Our previous example with BP_USE_AVX could then be replaced with:

# Defines USE_AVX=1 only if BP_USE_AVX is ON
target_compile_definitions(myawesomelib PRIVATE $<$<BOOL:${BP_USE_AVX}>:USE_AVX=1>)

But where generator expressions shine best is when using variable queries. Those can be used as conditions the following way:

target_sources(mytarget
  PRIVATE
    source/all-platforms.cpp
    $<$<PLATFORM_ID:Windows>:source/windows-only.cpp>
    $<$<PLATFORM_ID:Linux>:source/linux-only.cpp>
)

The above snippet adds source/all-platforms.cpp on all systems to mytarget, the source/windows-only.cpp file only if the current CMAKE_SYSTEM_NAME is Windows, and source/linux-only.cpp on Linux.

Another example would be:

target_compile_definitions(mytarget
  PRIVATE
    $<$<CONFIG:Debug>:DEBUG_MODE>
    $<$<COMPILE_LANGUAGE:CXX>:COMPILING_CXX>
    $<$<COMPILE_LANGUAGE:CUDA>:COMPILING_CUDA>
)

Here we tell CMake to add the define DEBUG_MODE for Debug builds, COMPILING_CXX when compiling C++ sources and COMPILING_CUDA for Cuda sources.

Debugging

Since they are evaluated during the generation step and not the configuration step, they can be hard to debug.
As noted in the documentation one can use add_custom_target(genexdebug COMMAND ${CMAKE_COMMAND} -E echo "$<...>") to debug commands.
You then just need to build the genexdebug target to view the result.

Whitespaces in generator expressions

One of the main issue people encounter when using generator expressions is that you can not add whitespace in the condition (first operand) part. For example, $<$<CONFIG:Debug>:DEBUG_MODE> is valid, but $< $<CONFIG:Debug> :DEBUG_MODE> is not valid.

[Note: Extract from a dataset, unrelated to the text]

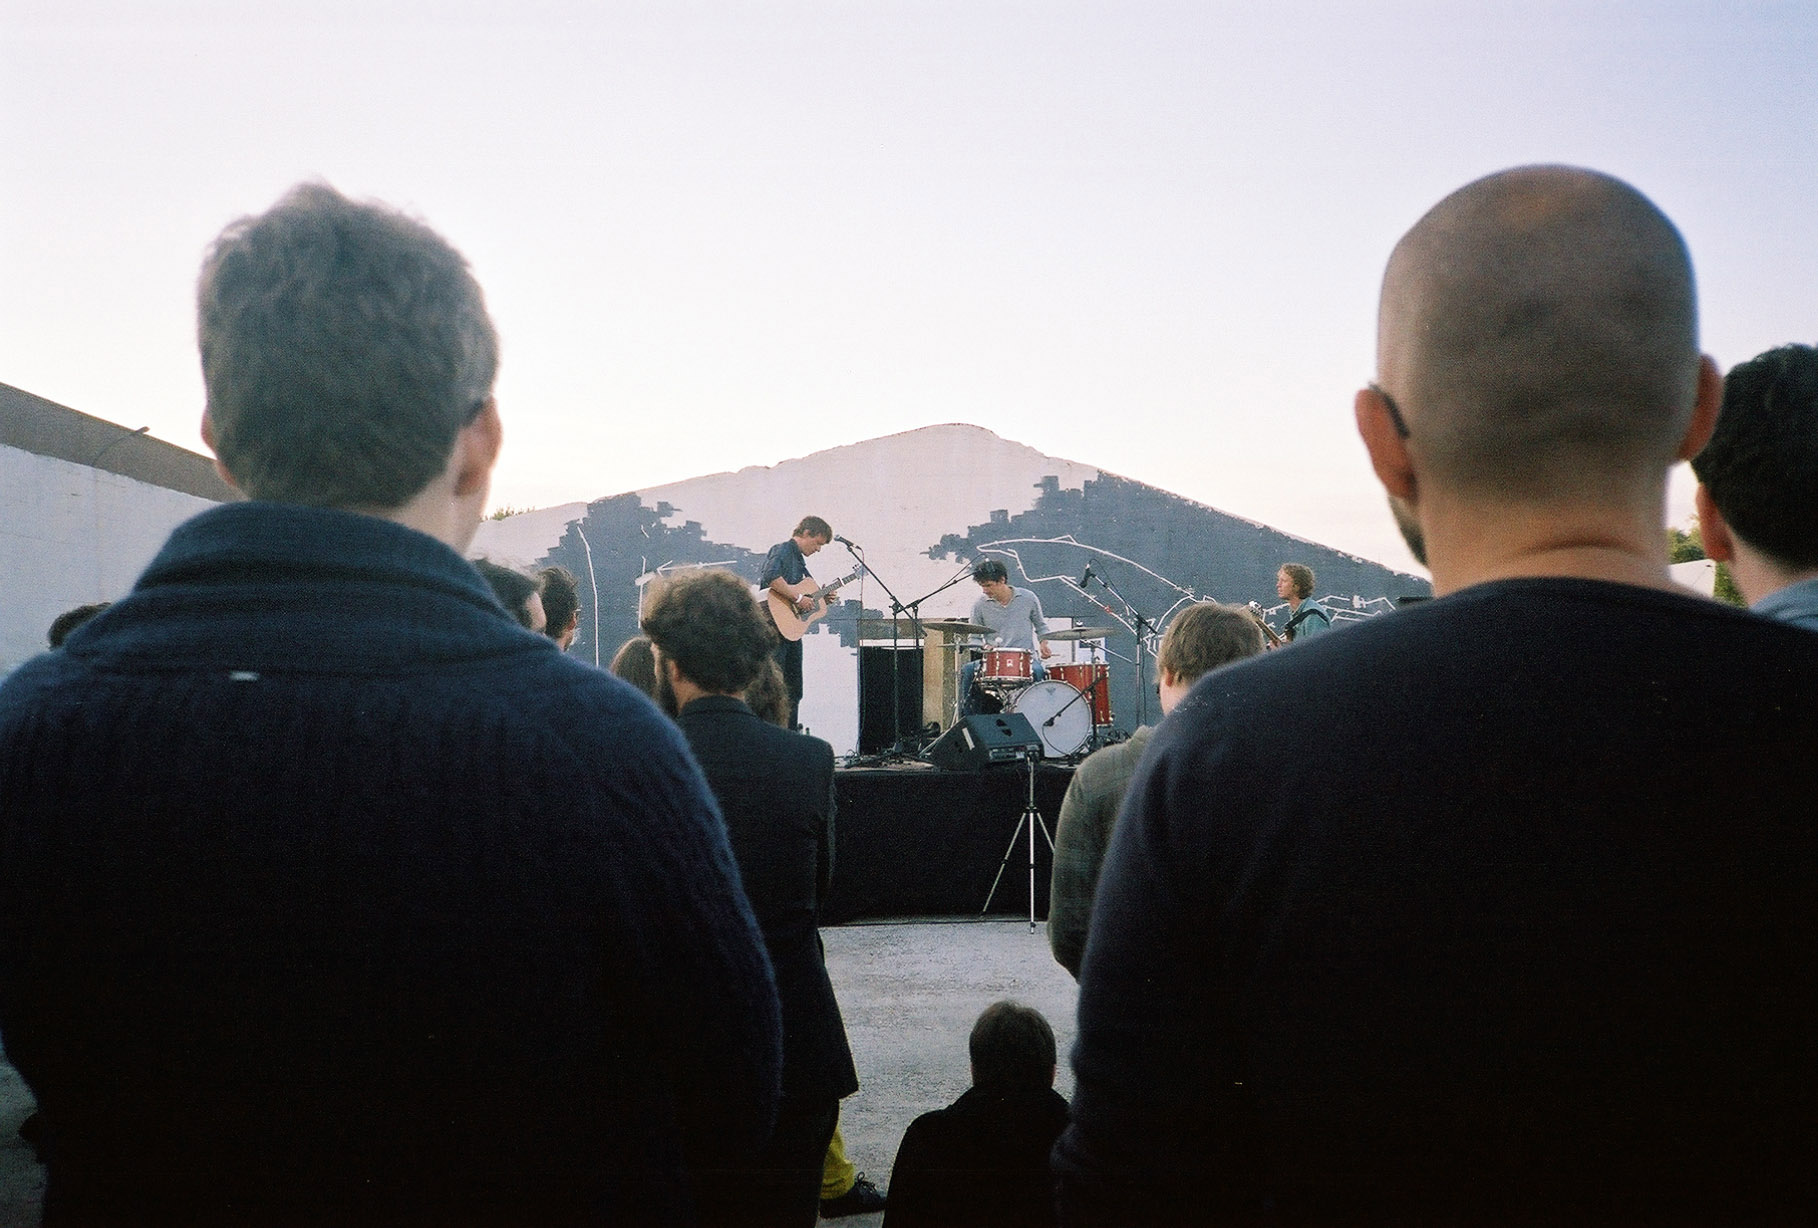 view through the heads of a crowd to a band playing on stage

A nice trick exists though! You can use the string(CONCAT) command to create a variable containing a generator expression defined on multiple lines and any whitespace:

string(CONCAT GENEXP_WITH_WHITESPACE
  $<IF: ${SOME_VAR},
    "SOME_VAR is true",
    "SOME_VAR is false"
  >
)

Which evaluates to:

$<IF:$<BOOL:${SOME_VAR}>,SOME_VAR is true,SOME_VAR is false>

If you want to have quotes in the final expression, you will need to escape them though.

What's next

In the next post we will talk about CMake modules, packages and target installation!


Clément Grégoire

Footnotes

  1. 1     

    Some variants of if still require you to dereference though, such as if(IS_DIRECTORY path-to-directory) because it takes a path as parameter, not a variable.